▸ **What to produce**
Restate, exactly as written, the entries below from the line that holds "Cisco Systems OL-17037-01" through the line that holds "Coat of arms of familyTorre". Pictures are not part of the copy.

▸ **Data for analysis**

┄┄┄┄┄┄┄┄┄┄┄┄┄┄┄┄┄┄┄┄

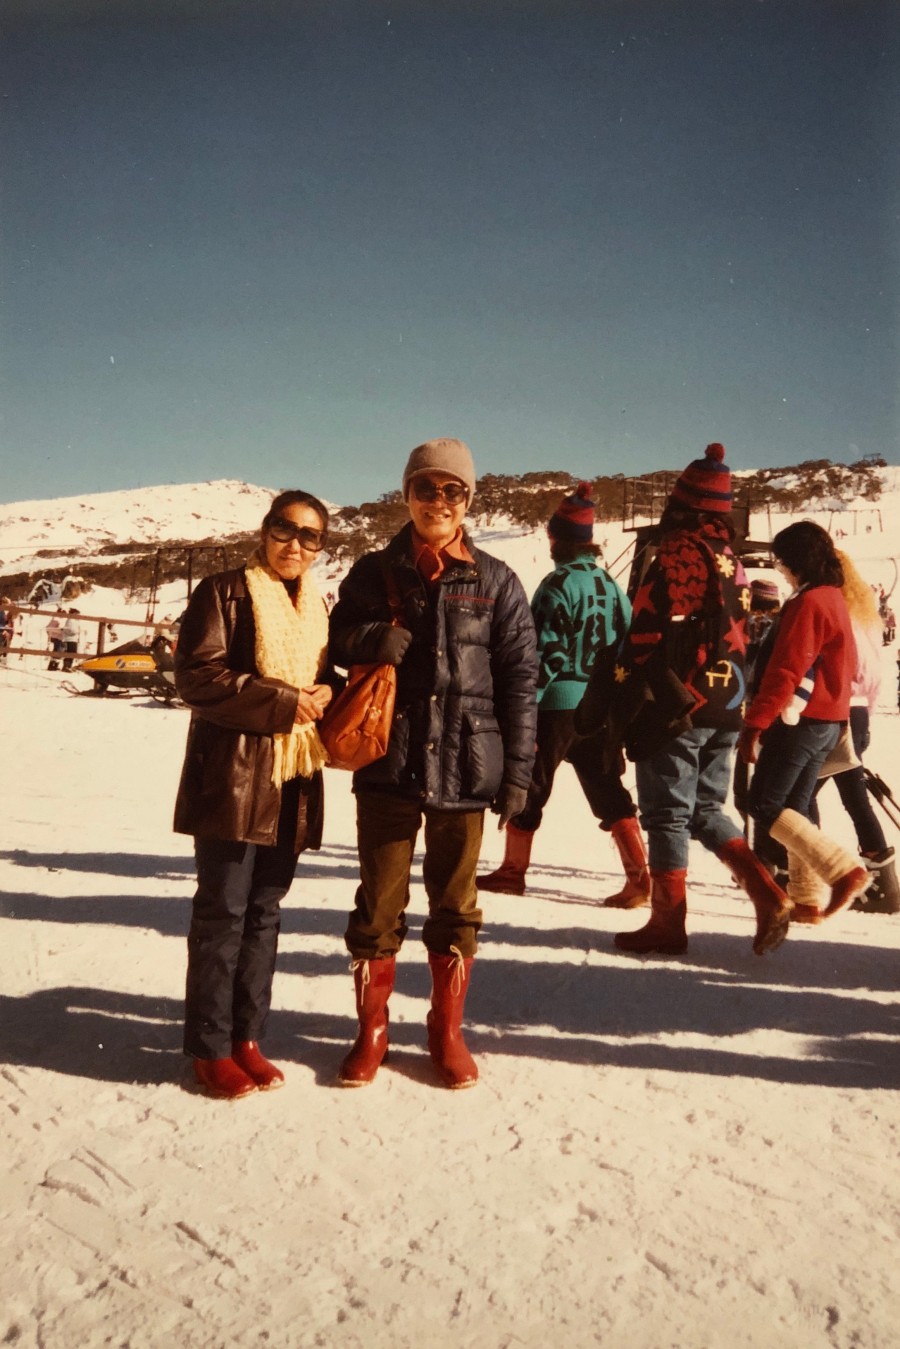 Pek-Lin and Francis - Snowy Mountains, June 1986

┄┄┄┄┄┄┄┄┄┄┄┄┄┄┄┄┄┄┄┄

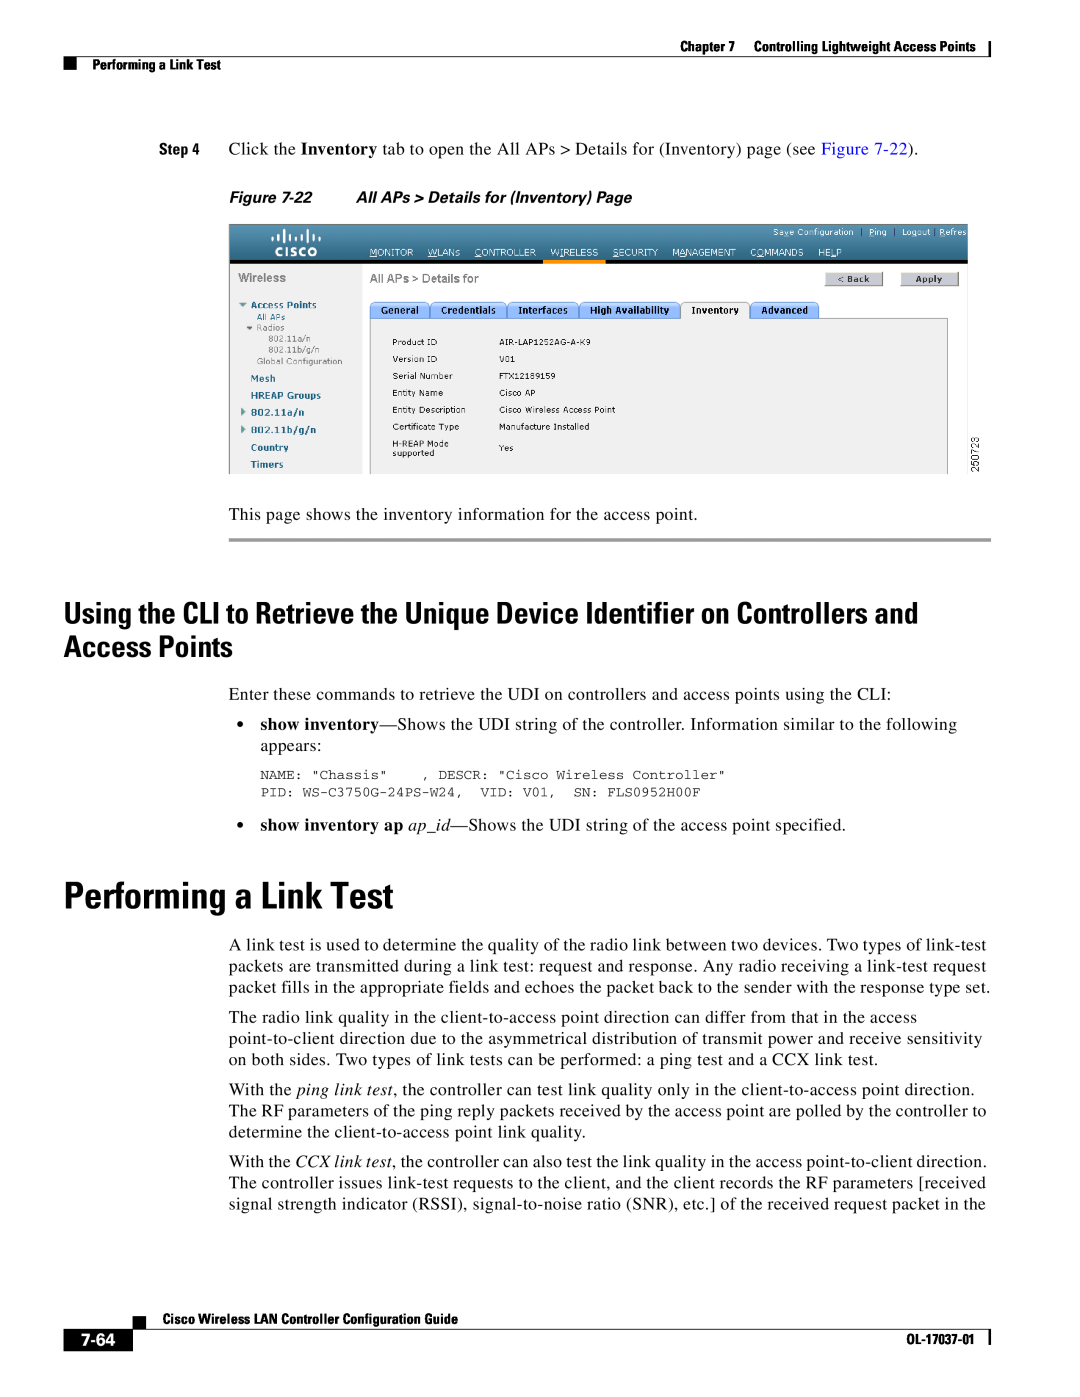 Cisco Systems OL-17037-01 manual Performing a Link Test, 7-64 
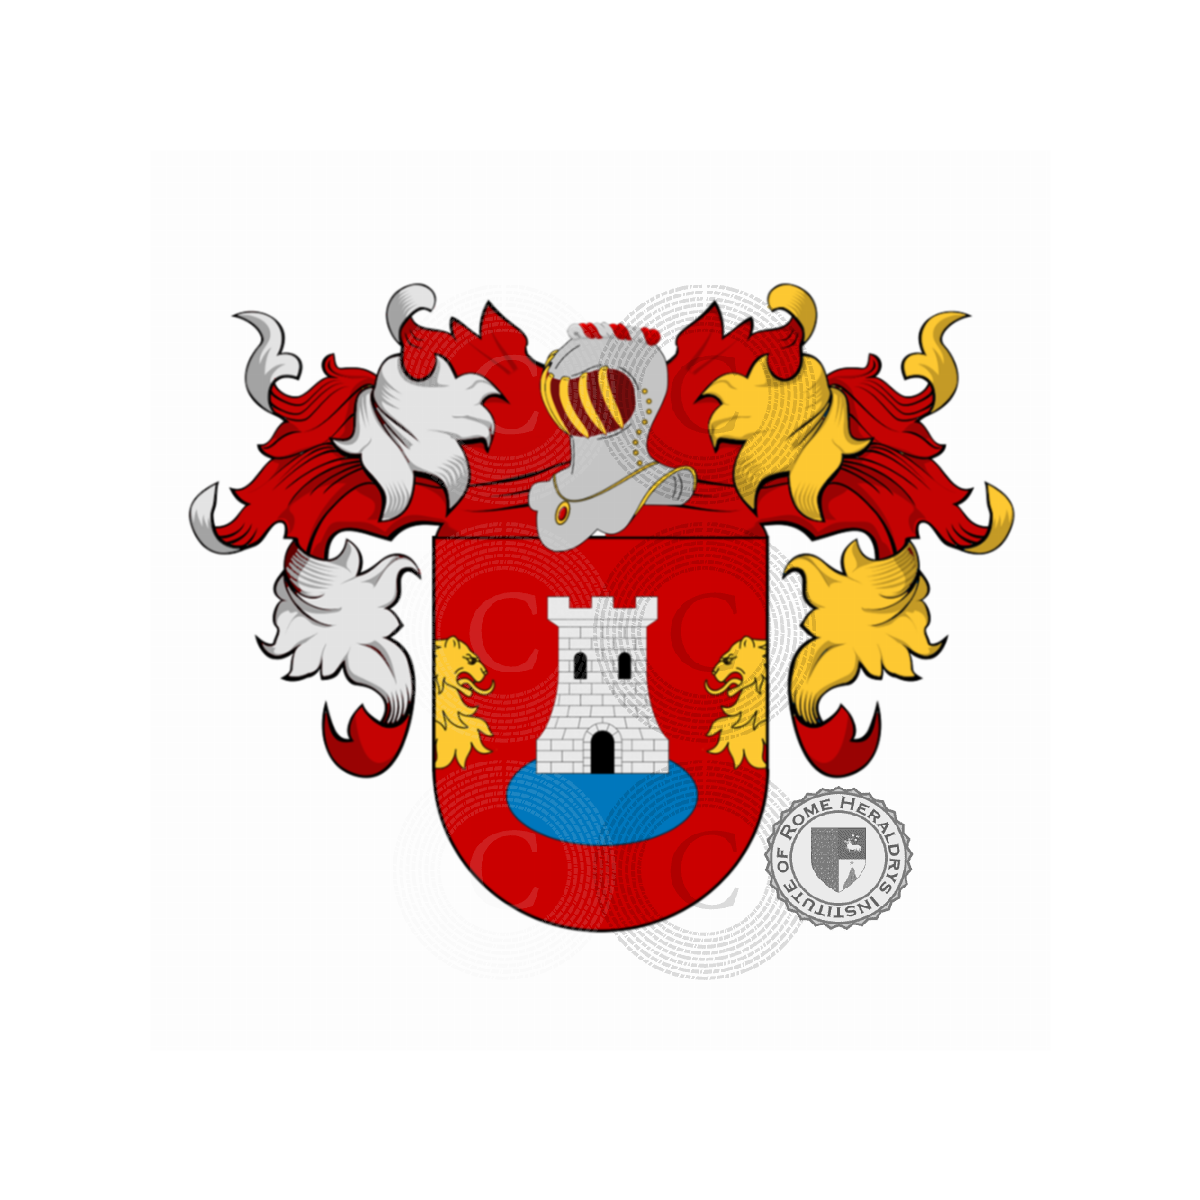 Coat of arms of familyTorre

┄┄┄┄┄┄┄┄┄┄┄┄┄┄┄┄┄┄┄┄

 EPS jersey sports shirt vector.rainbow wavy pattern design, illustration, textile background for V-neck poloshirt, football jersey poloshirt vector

┄┄┄┄┄┄┄┄┄┄┄┄┄┄┄┄┄┄┄┄

▸ **Solution for this task**
 Cisco Systems OL-17037-01 manual Performing a Link Test, 7-64 
 Coat of arms of familyTorre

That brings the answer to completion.